▶ _PROBLEM TO SOLVE_: Would you transcribe the whole listing exactly and drop its images?

━━━━━ SOURCE MATERIAL ━━━━━

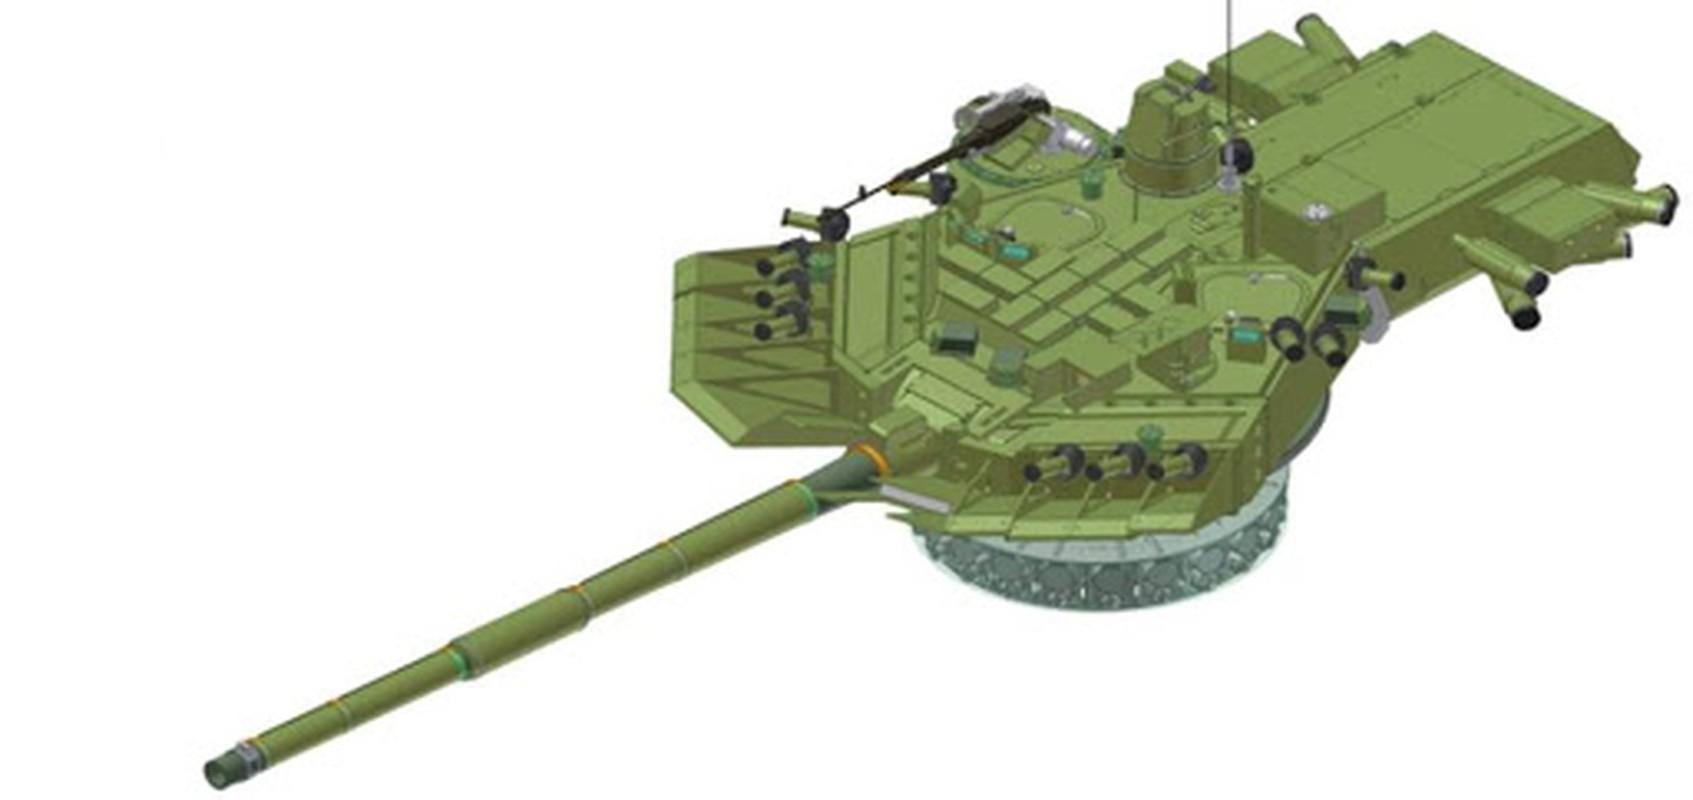 Bat ngo xuat hien phien ban xe tang T-80 manh ngang voi T-14 Armata-Hinh-11
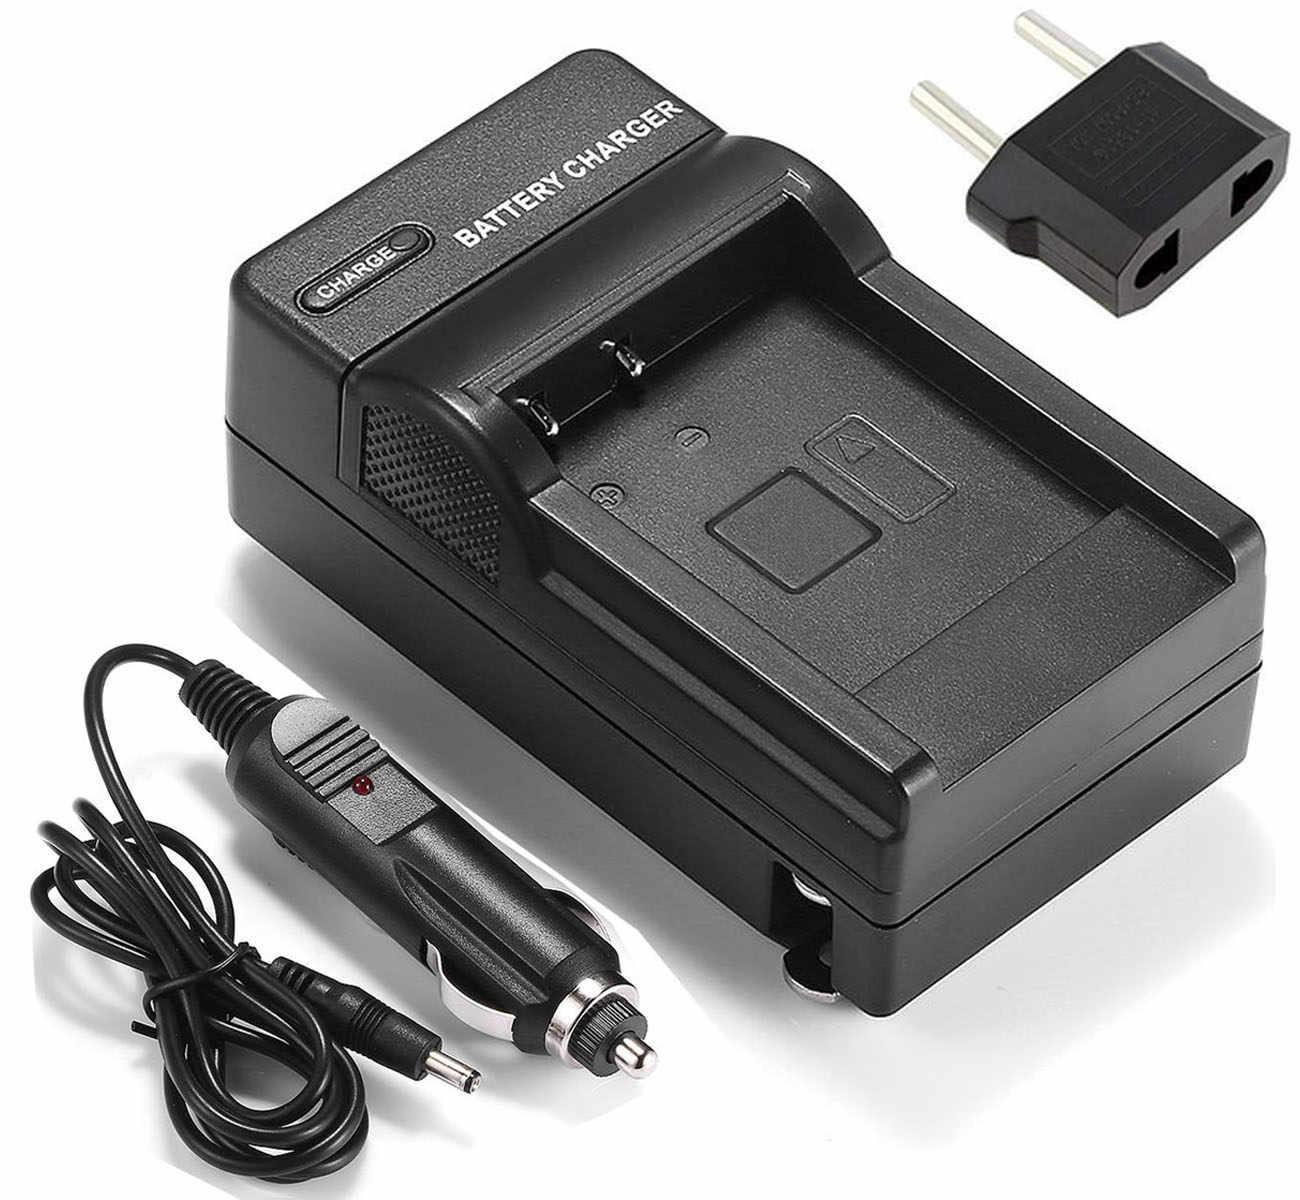 Battery Charger For Fujifilm Finepix Jv100 Jv105 Jv150 Jv200 Jv205 Jv250 Jv255 Jv300 Jv500 Digital Camera Camera Charger Aliexpress
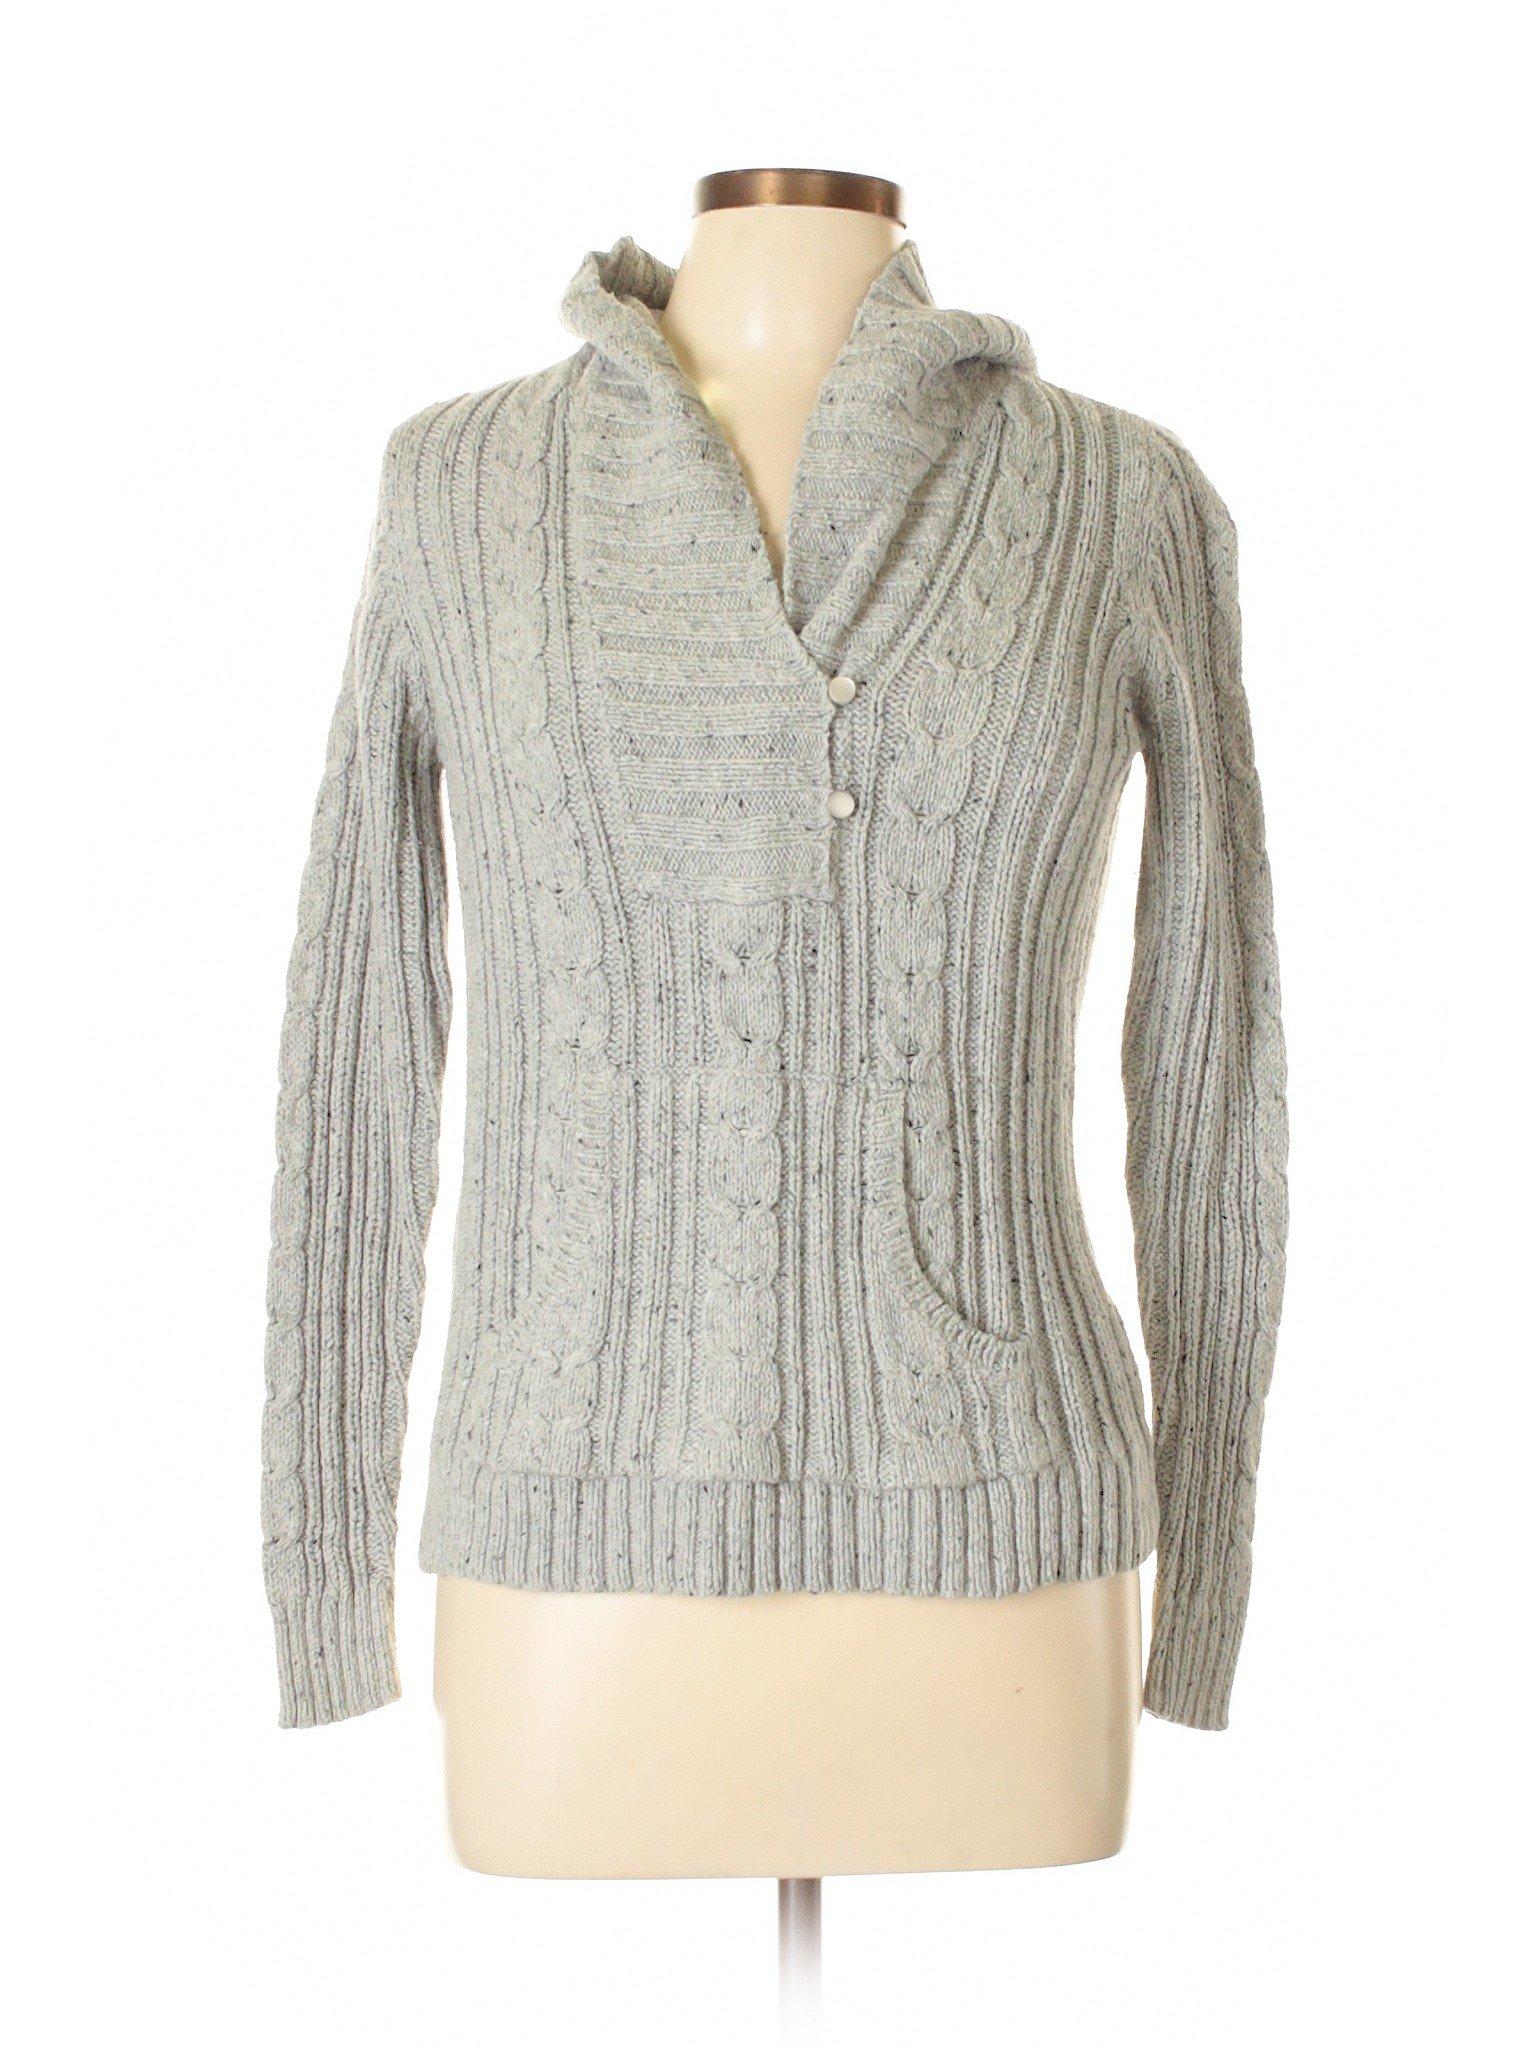 Bay Pullover Boutique Sweater John's winter St wqw6xtr

━━━━━

▶ _RESPONSE_:
 Bat ngo xuat hien phien ban xe tang T-80 manh ngang voi T-14 Armata-Hinh-11
 Battery Charger For Fujifilm Finepix Jv100 Jv105 Jv150 Jv200 Jv205 Jv250 Jv255 Jv300 Jv500 Digital Camera Camera Charger Aliexpress
 Bay Pullover Boutique Sweater John's winter St wqw6xtr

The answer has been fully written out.